Reputation: 209
Is there a way to get the kernel execution time in nvprof like for a metric?
for example, to get the dram read transactions I type:
nvprof --metrics dram_read_transactions ./myprogram
My question is: is there something like
nvprof --metrics execution_time ./myprogram
I would like to collect a small set of metrics in one command line instead of having to use
nvprof ./myprogram
as a separate command.
Upvotes: 3
Views: 3139
Reputation: 132240
You should read this post on nVIDIA's "CUDA Pro Tip" blog:
CUDA Pro Tip: nvprof is Your Handy Universal GPU Profiler
It walks you through some basics of how to use nvprof
to profile and time your application. Specifically, if you write something like:
nvprof --print-gpu-trace ./nbody --benchmark -numdevices=2 -i=1
(the example is for an n-body physics problem simulator), your output will include something like the following:
...
==4125== Profiling application: ./nbody --benchmark -numdevices=2 -i=1
==4125== Profiling result:
Start Duration Grid Size Block Size Regs* SSMem* DSMem* Size Throughput Device Context Stream Name
260.78ms 864ns - - - - - 4B 4.6296MB/s Tesla K20c (0) 2 2 [CUDA memcpy HtoD]

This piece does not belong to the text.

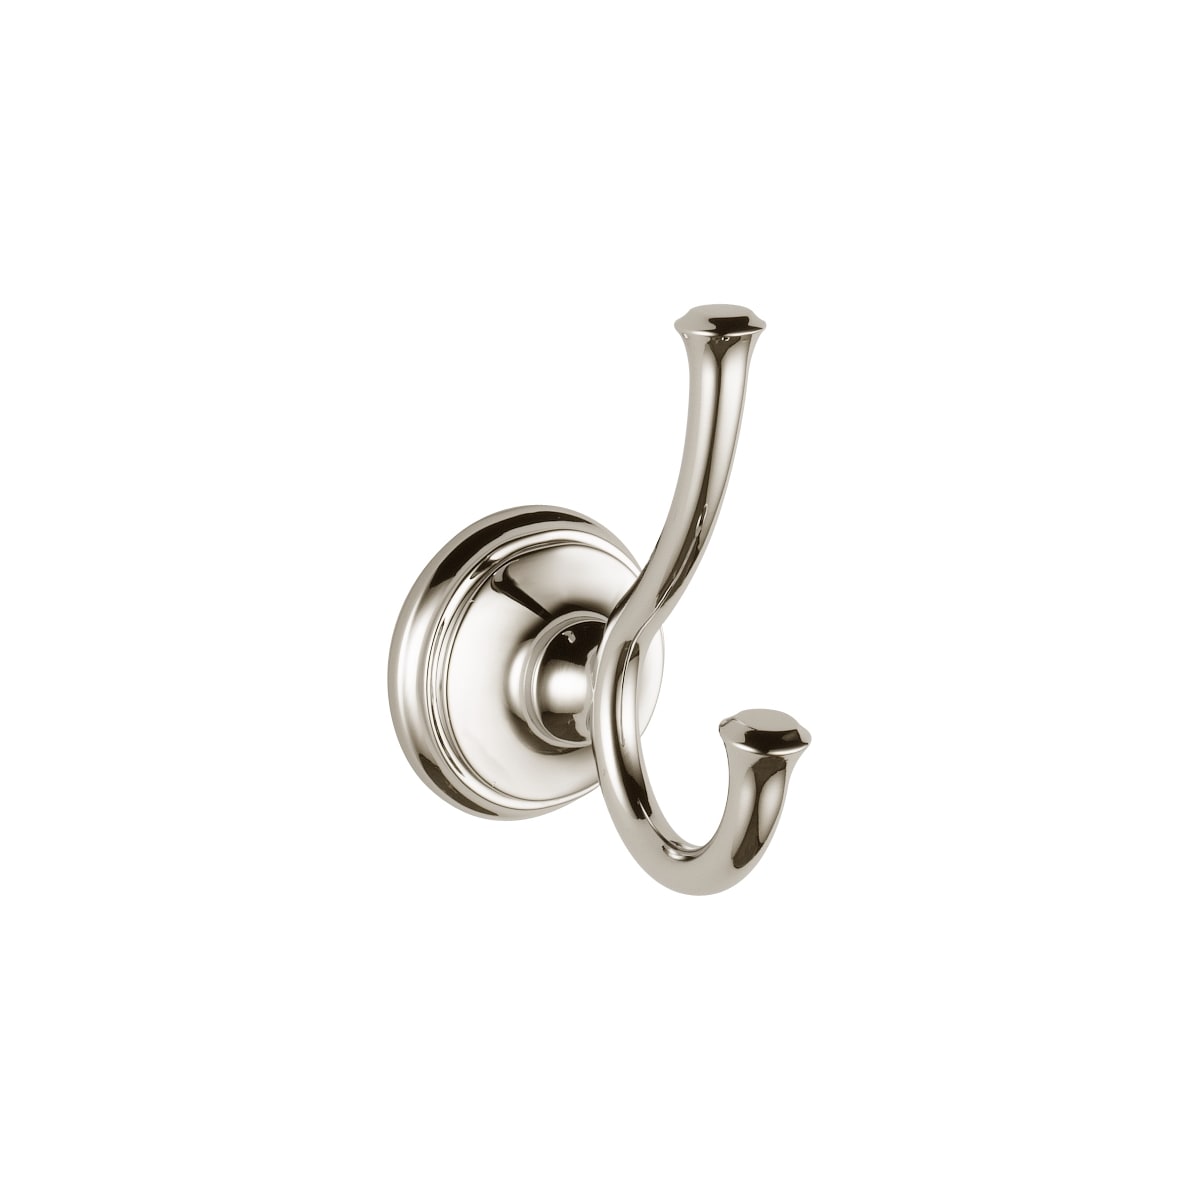 Dryden Double Robe or Towel Hook in Polished Nickel

260.79ms 960ns - - - - - 4B 4.1667MB/s GeForce GTX 680 1 2 [CUDA memcpy HtoD]
260.93ms 896ns - - - - - 4B 4.4643MB/s Tesla K20c (0) 2 2 [CUDA memcpy HtoD]
260.94ms 672ns - - - - - 4B 5.9524MB/s GeForce GTX 680 1 2 [CUDA memcpy HtoD]
268.03ms 1.3120us - - - - - 8B 6.0976MB/s Tesla K20c (0) 2 2 [CUDA memcpy HtoD]
268.04ms 928ns - - - - - 8B 8.6207MB/s GeForce GTX 680 1 2 [CUDA memcpy HtoD]
268.19ms 864ns - - - - - 8B 9.2593MB/s Tesla K20c (0) 2 2 [CUDA memcpy HtoD]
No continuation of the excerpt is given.